**Task prompt:**
Copy task for the material below: print the line with "Bully Boss Burgers" and every line after it to the end, exactly as written, without the pictures.

**Given material:**
=== Section Start ===
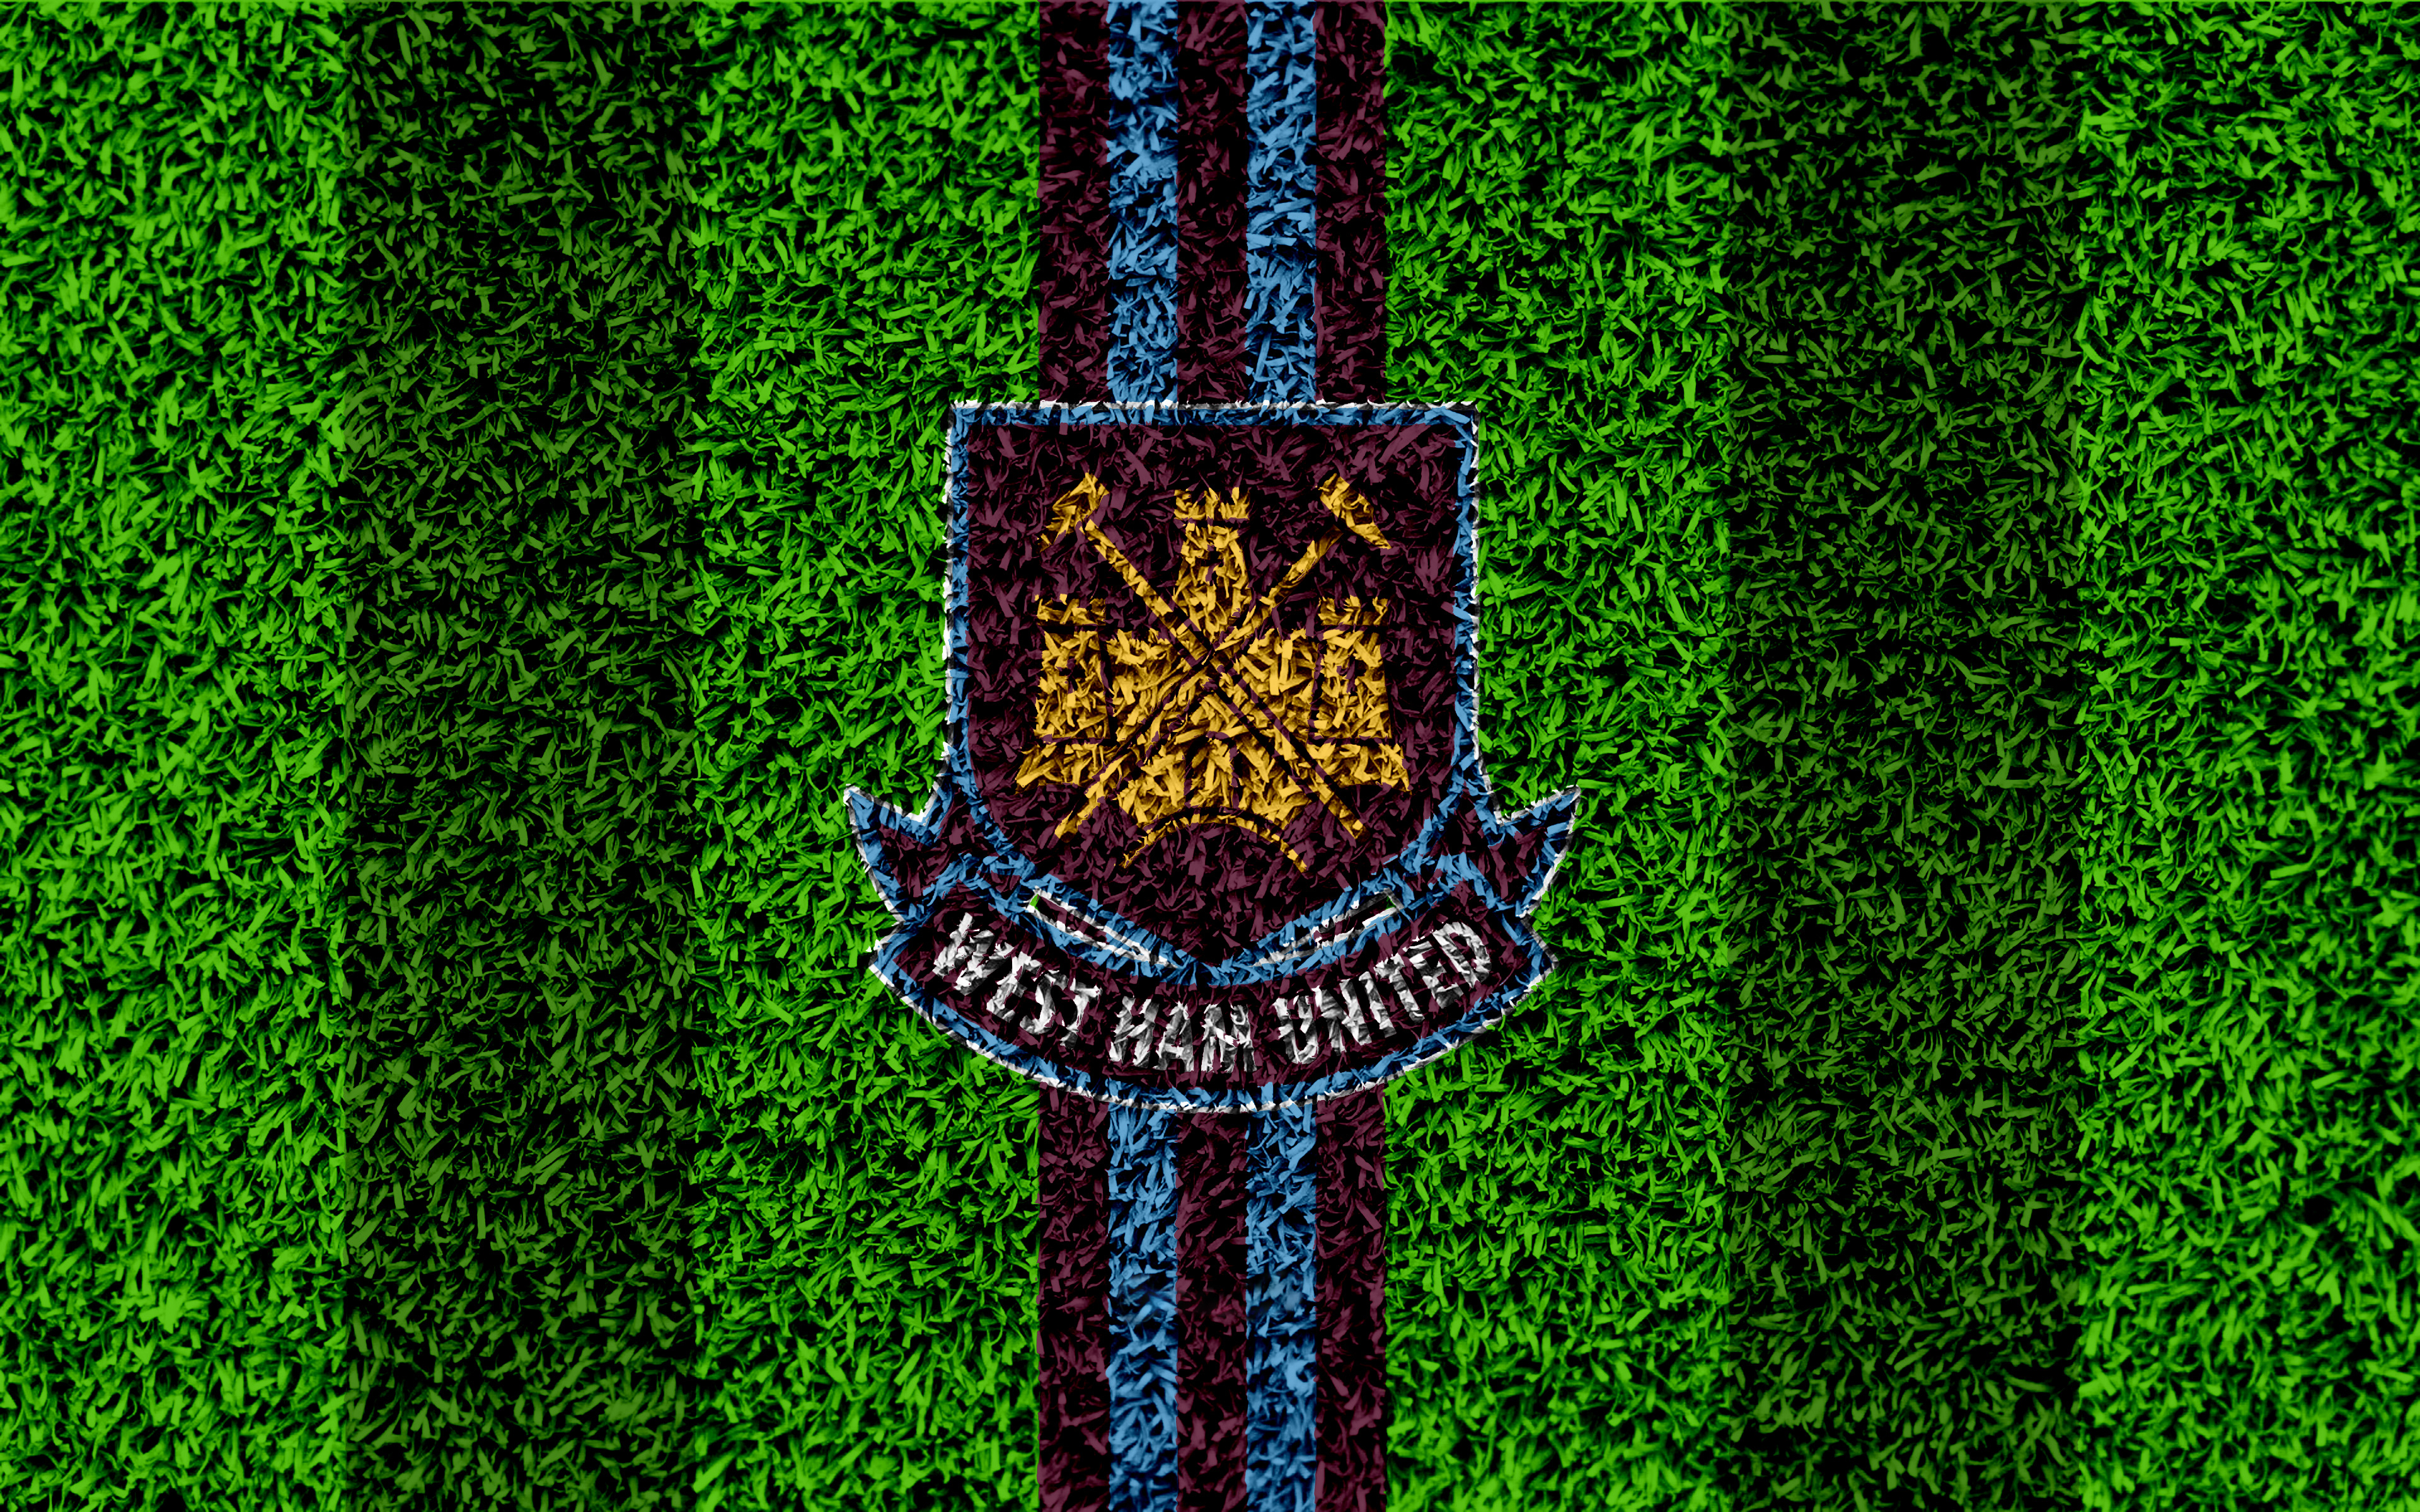 Handy-Wallpaper Sport, Fußball, Logo, Emblem, West Ham United kostenlos herunterladen.
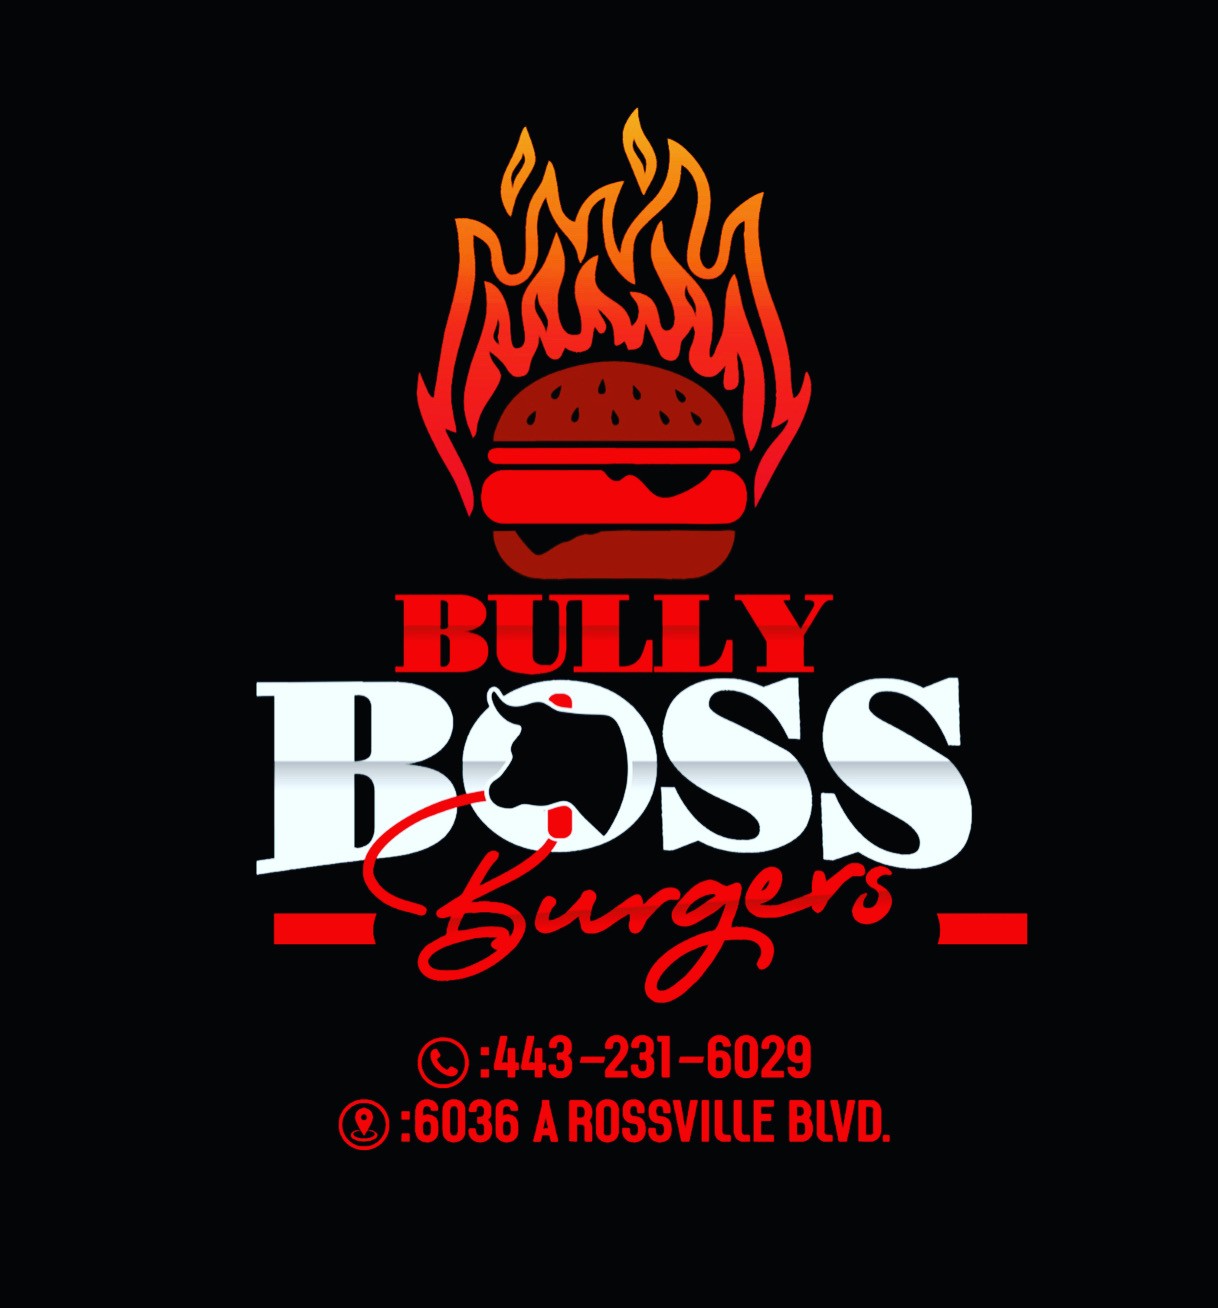 Bully Boss Burgers 1 Llc Food Truck X6036 A Rossville Blvd
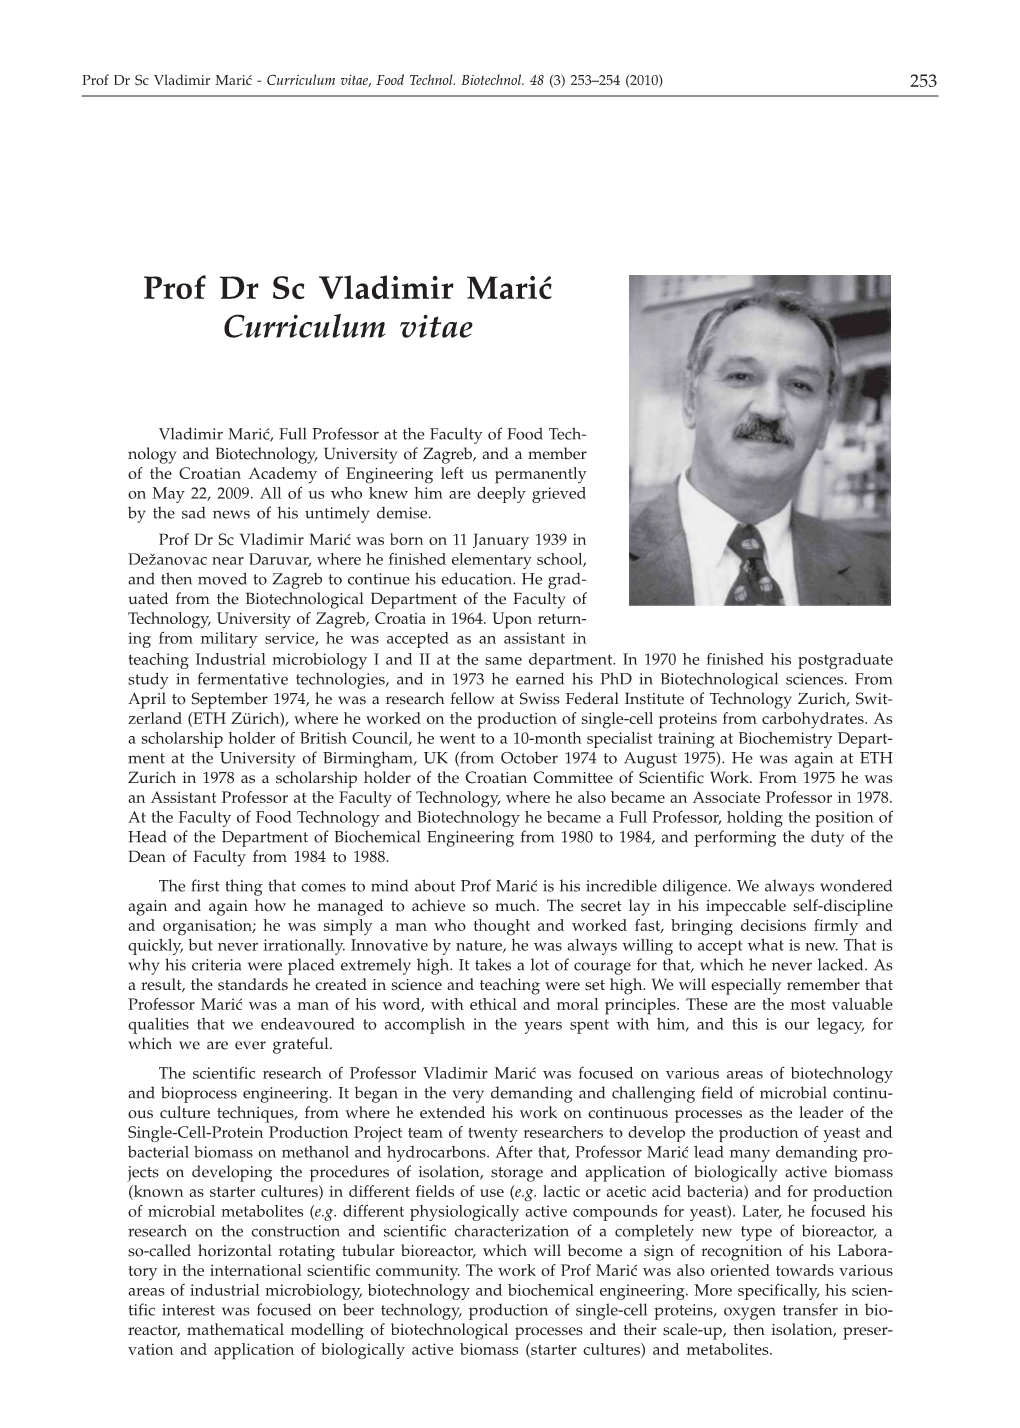 Prof Dr Sc Vladimir Mari} Curriculum Vitae
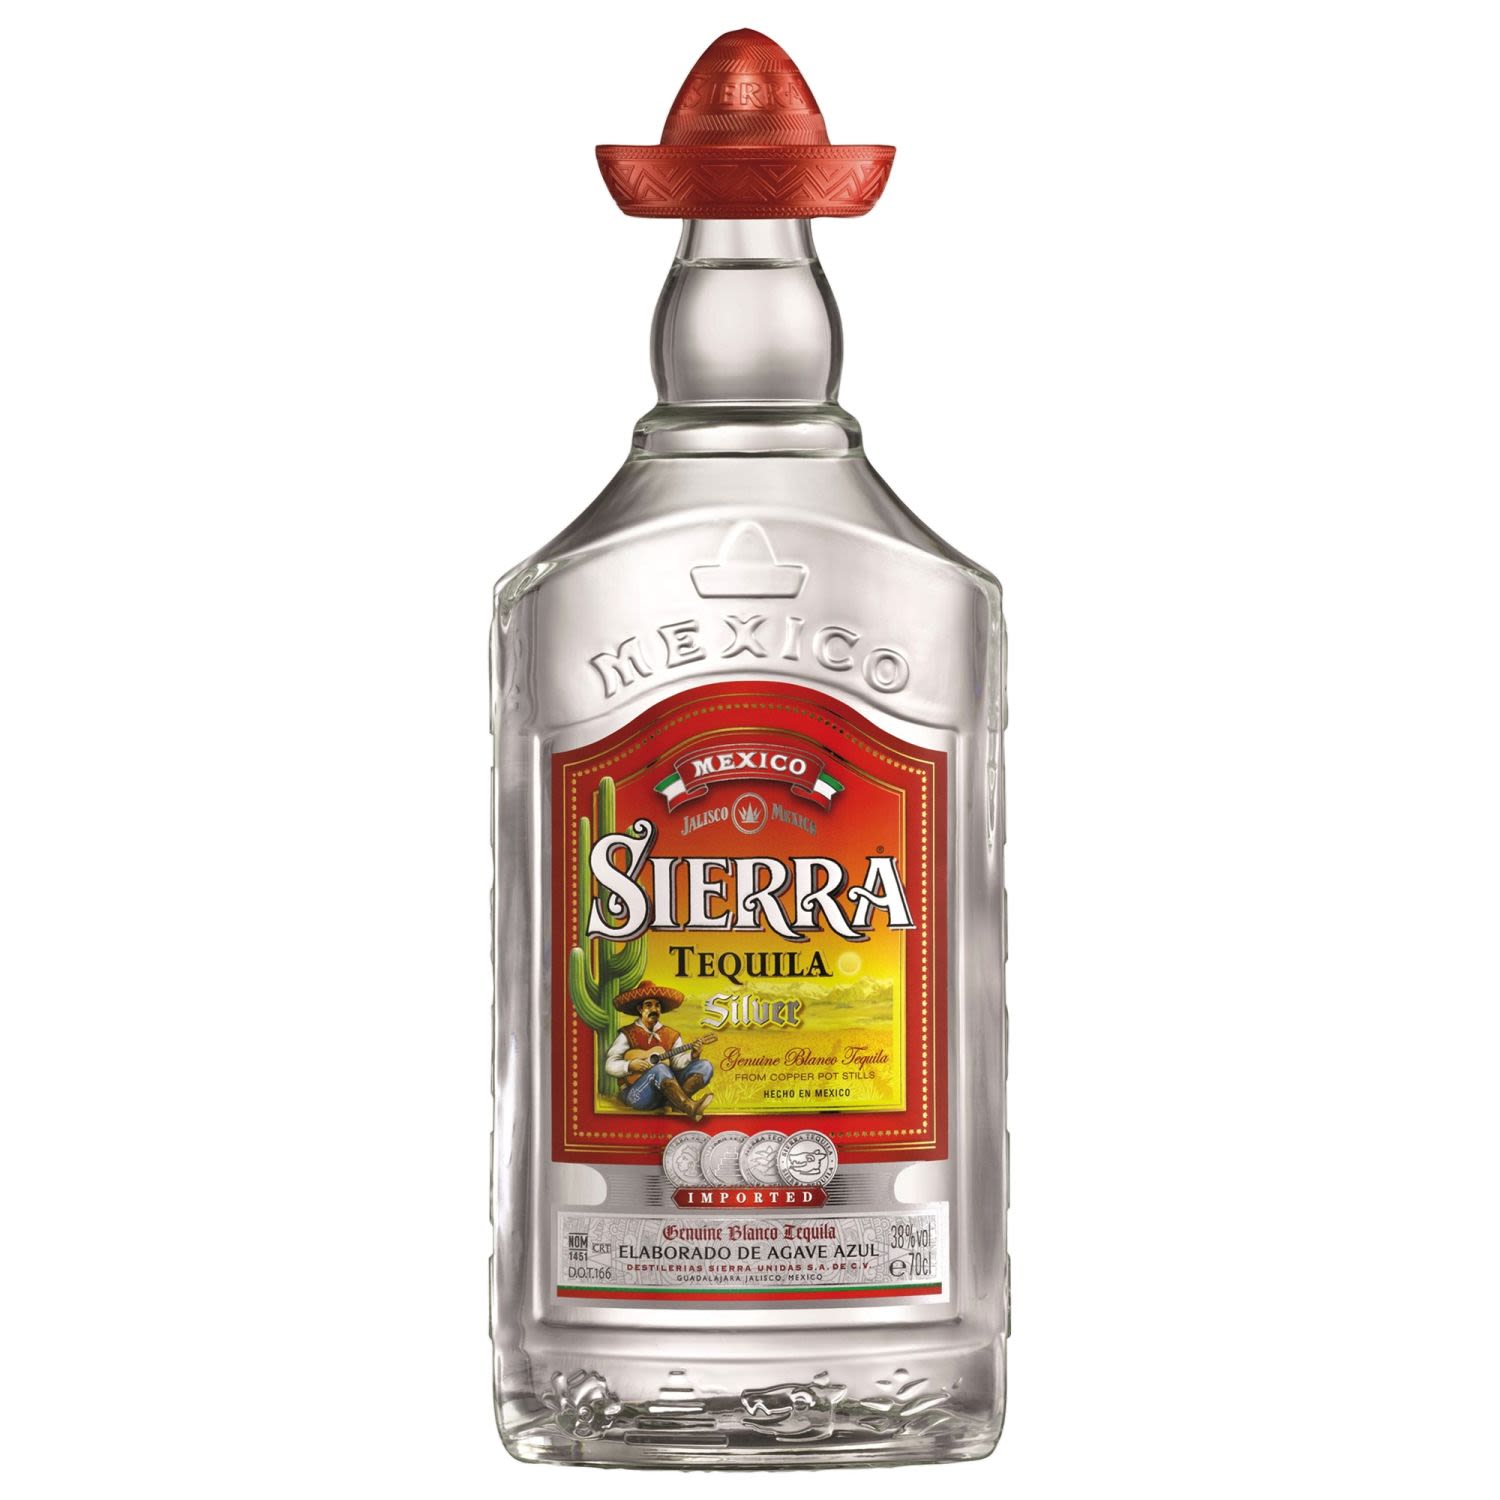 Sierra Tequila Silver 700mL Bottle
=== Section End ===
**Your solution:**
 Bully Boss Burgers 1 Llc Food Truck X6036 A Rossville Blvd
 Prof Dr Sc Vladimir Mari} Curriculum Vitae
 Sierra Tequila Silver 700mL Bottle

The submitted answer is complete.